For stars with convective outer layers, stellar magnetism manifests as dark starspots--localized regions of stifled convection. Starspots affect measurements of fundamental stellar parameters, including temperature and radius, which lead to inaccurate estimates of age and mass. Additionally, starspots have been shown to mimic and obscure detections of planets. By imaging stellar surfaces, we begin to disentangle the signatures of stellar magnetism. The imaging efforts discussed here feature aperture synthesis imaging using interferometric data collected with the Michigan Infrared Combiner (MIRC) at Georgia State University's Center for High Angular Resolution Astronomy (CHARA) Array with sub-milliarcsecond resolution. We characterize active RS CVn binary systems and detect magnetic structures across the surface of the giant primary stars and compare the results to simultaneous Doppler and light curve inversion imaging.
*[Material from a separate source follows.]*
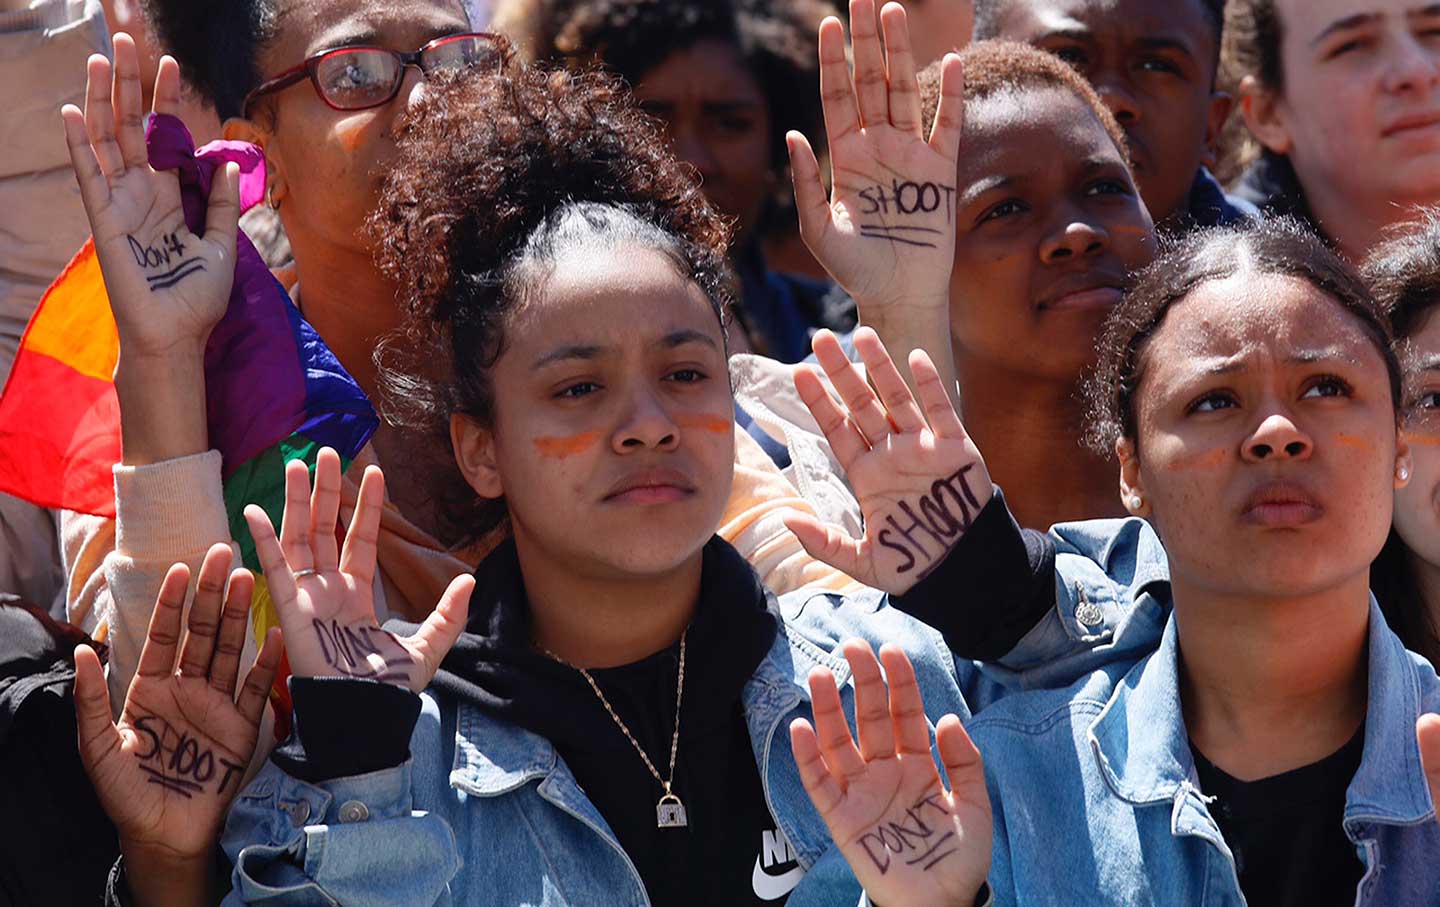 High school students call for anti-gun laws as they protest and rally in Washington Square Park, Friday April 20, 2018 in New York.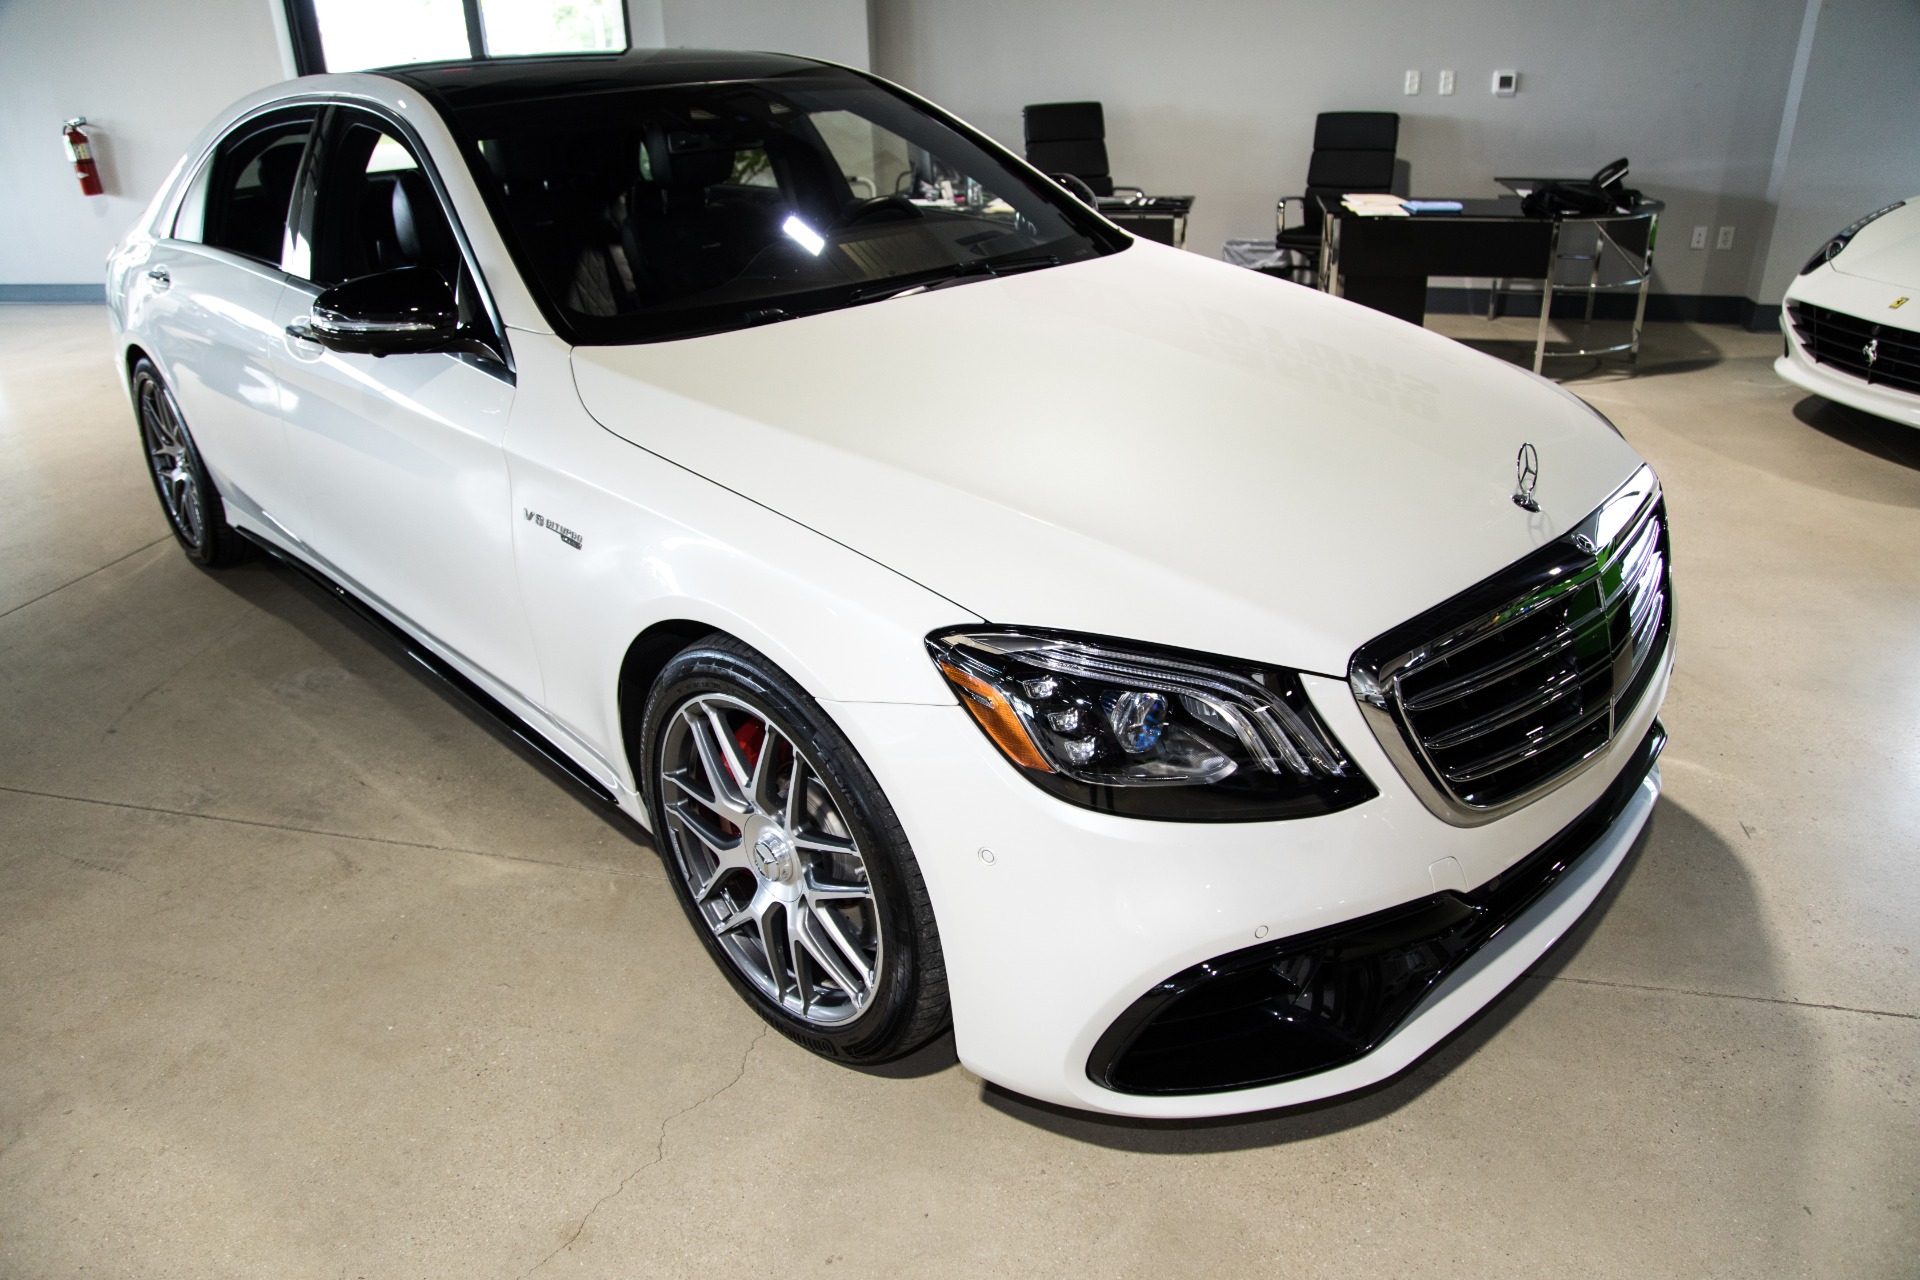 Used 2018 Mercedes Benz S Class Amg S 63 For Sale 129 900 Marino

The observed global regions of suppressed convection likely affect stellar parameter estimates by altering the structure of the photosphere. New extensions of this study will survey spotted stars in order to understand how stellar magnetism affects stellar parameters, impacts the evidence of companions and their characterization, accounts for long-term changes in the flux of active stars, and differs from the Sun for stars with large convective envelopes.